Auvergne Rhône-Alpes, leader du tourisme équestre

Impossible de parler de chevaux sans parler de centres équestres. « Nous sommes le seul syndicat représentatif des centres équestres français », indique Philippe Audigé, président du groupement hippique national (GHN) regroupant cinq-mille établissements équestres français. « Aux côtés de l’association vétérinaire équine française (Avef), France Galop, la Fédération française d’équitation (FFE), la Fédération nationale du cheval (FNC) et Le Trot, nous avons signé en 2016 une charte pour le bien-être équin. Il est important pour nous tous que les fondamentaux soient respectés et que les dirigeants y soient vigilants », souligne-t-il. Le GHN travaille depuis trois ans avec les entraîneurs de trot et de galop à l’élaboration d’une convention collective commune afin de faciliter les passerelles professionnelles. Elle devrait aboutir d’ici début 2023. Auvergne Rhône-Alpes est la première région de tourisme équestre en France avec 9 963 cavaliers licenciés. Parmi les événements majeurs : le Grand régional de tourisme équestre, le Rallye Savoie Mont-Blanc, le Défi-nature, les Beaux dimanches, le Caval trophy et de nombreuses épreuves de techniques de randonnée équestres de compétition (Trec).

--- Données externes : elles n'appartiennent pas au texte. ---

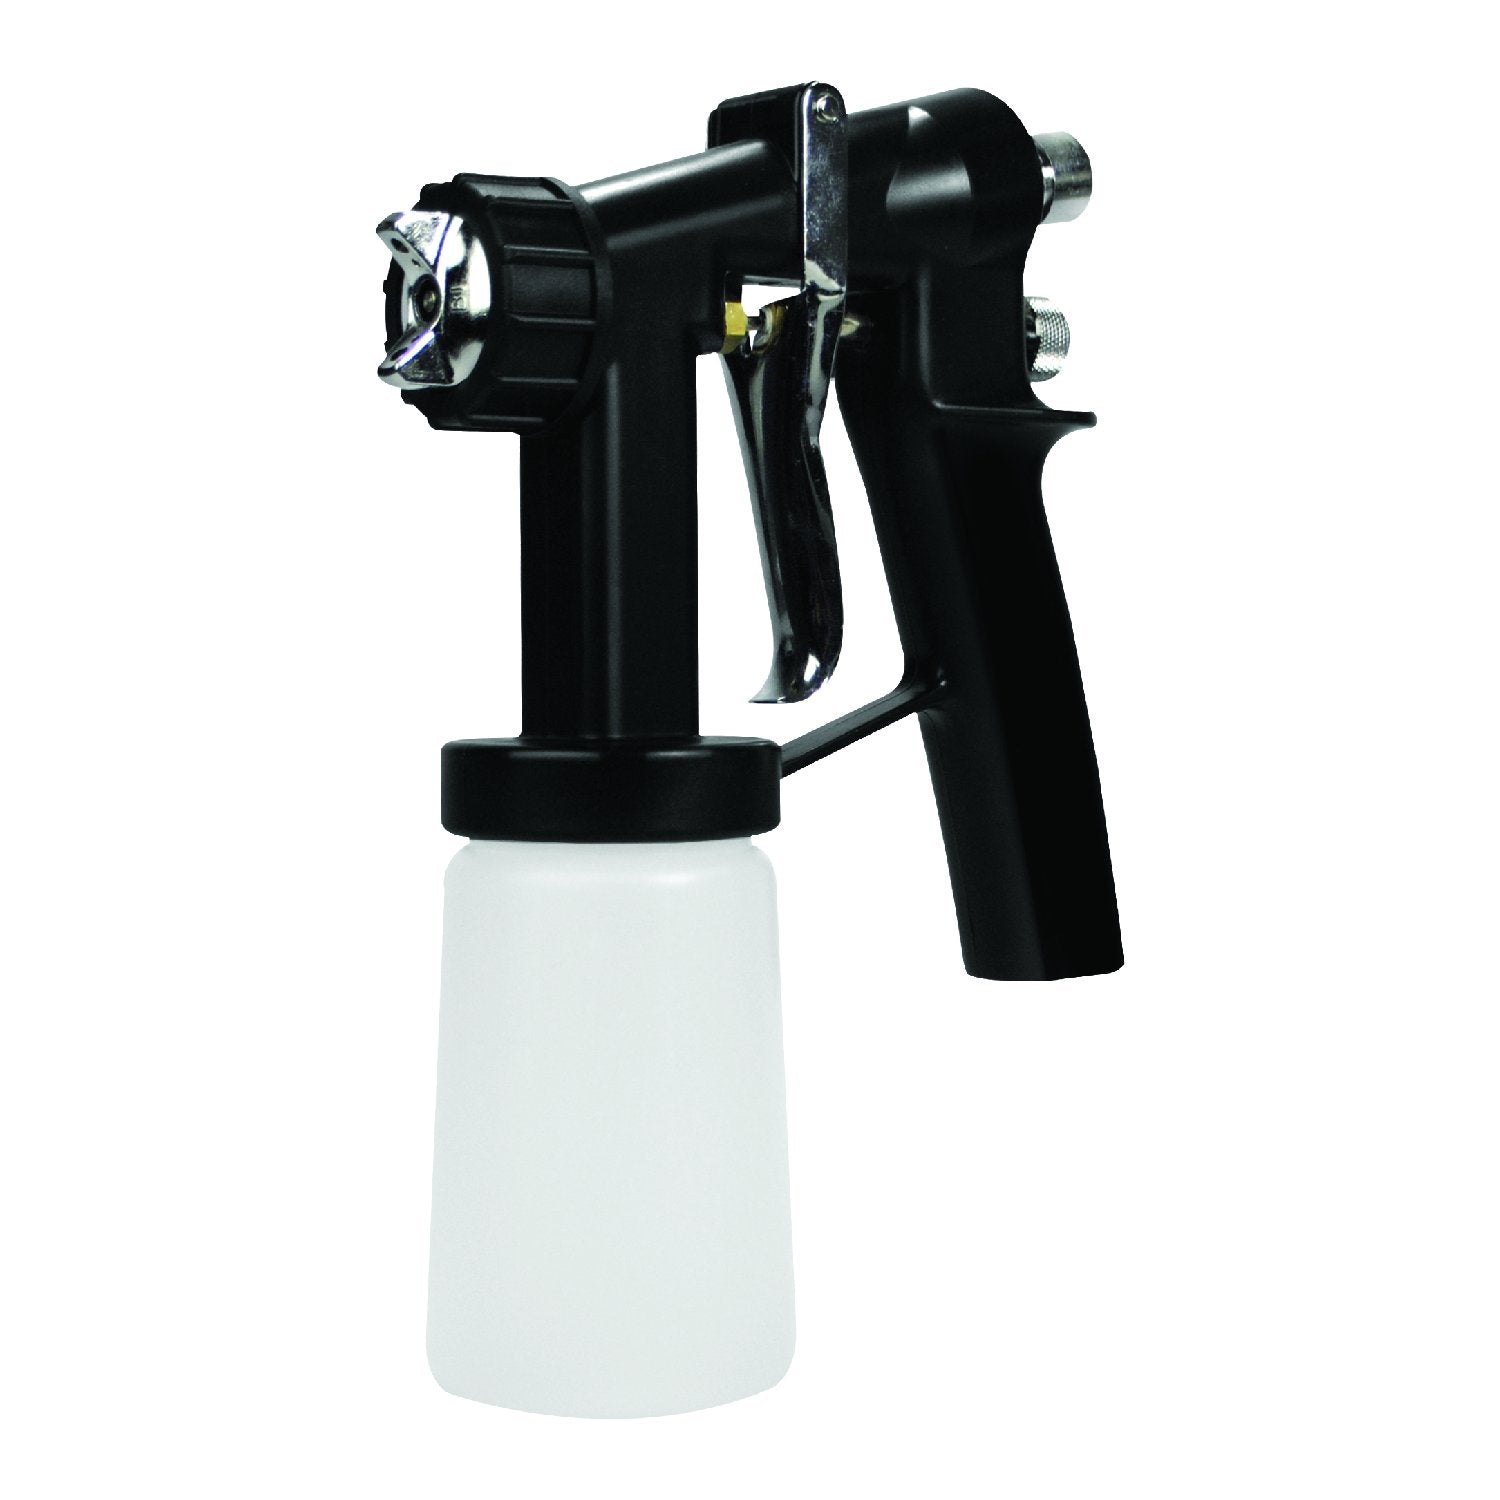 Norvell Sunless Kit - M1000 Mobile HVLP Spray Tan Airbrush Machine
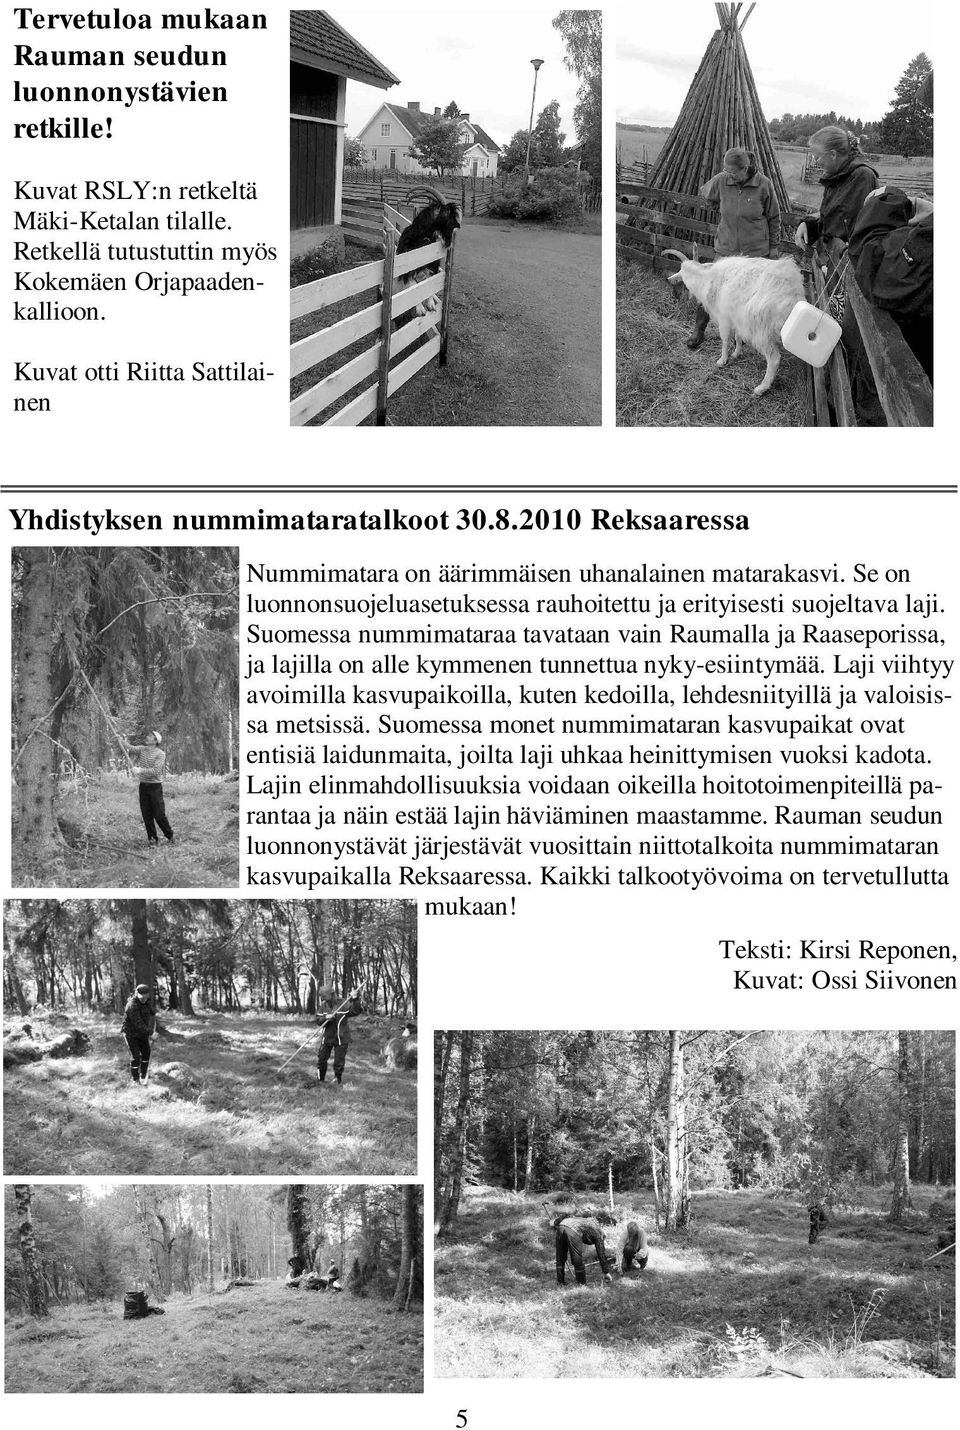 Se on luonnonsuojeluasetuksessa rauhoitettu ja erityisesti suojeltava laji. Suomessa nummimataraa tavataan vain Raumalla ja Raaseporissa, ja lajilla on alle kymmenen tunnettua nyky-esiintymää.

Profession agricole reconnue depuis 2005

La filière équine a pendant plusieurs années lutté pour obtenir le statut agricole. Ce n’est qu’en 2005, avec la loi du 23 février relative au développement des territoires ruraux, que les activités équestres ont pu être classées comme des activités agricoles, à l’exception des activités de spectacle. « Cette reconnaissance est arrivée très tard. Parmi tous les acteurs de la filière, les éleveurs de chevaux sont sous-représentés dans les instances professionnelles. Il n’y a, par exemple, aucun représentant de la Chambre régionale d’agriculture au sein du conseil de la filière cheval Auvergne Rhône-Alpes. D’où ce sentiment de se battre souvent pour des idées qui ne sont pas prioritaires pour une partie des acteurs de la filière », estime Nathalie Gravier, co-présidente du comité de filière équine de la région (Cofil). Cette instance régionale créée notamment pour accompagner le premier plan Ambition Cheval en 2018 oeuvre aujourd’hui aux côtés du conseil de la filière, souhaité en 1999 par le ministère de l’Agriculture pour regrouper toutes les activités équestres au sein d’une seule et même instance représentative. « L’activité élevage n’est pas vraiment défendue. Nous sommes pourtant à l’amont de la filière, confrontés à des problématiques qui peuvent avoir un impact sur les activités équestres de l’aval. Il y a aussi un manque de personnes qui s’investissent, ce qui n’arrange pas la situation », regrette l’élue régionale. Daniel Bignon, président du collège élevage au sein du conseil de filière et co-président du Cofil équin, ajoute : « Nous sommes confrontés à des problématiques spécifiques à l’élevage. Exemple : les mâles et les petites races sont plus difficiles à vendre, et nous avons besoin de trouver une vocation à ces animaux. Il est essentiel pour moi que le plan Ambition cheval, reconduit pour l’année 2022 par la Région (doté d’une enveloppe de 132 500 € destinée à l’élevage, ndlr), puisse prévoir une action spécifique pour la création de pépinières pour préparer ces chevaux à la traction et au travail du sol », ajoute-t-il. Deux écoles en France ont déjà entrepris l’exercice : l’école nationale des ânes maraîchers à Villeneuve-sur-Lot (Lot), spécialisé en maraîchage, et l’école nationale du cheval vigneron à Saint-Savin (Gironde), spécialisée en viticulture.

Alison Pelotier

Le retour de la traction animale
À Saint-Gervais-sur-Roubion, Denis Arnaud prépare, avec sa jument, une petite surface destinée à accueillir une plantation de géranium rosat. ©DR
ALTERNATIVE

Le retour de la traction animale

Technique d’autrefois, la traction animale est remise au goût du jour, tant sur les exploitations agricoles de la région que dans les villes. L’utilisation de l’attelage de chevaux ou d’ânes dans les travaux du quotidien apporte une solution nouvelle aux enjeux environnementaux.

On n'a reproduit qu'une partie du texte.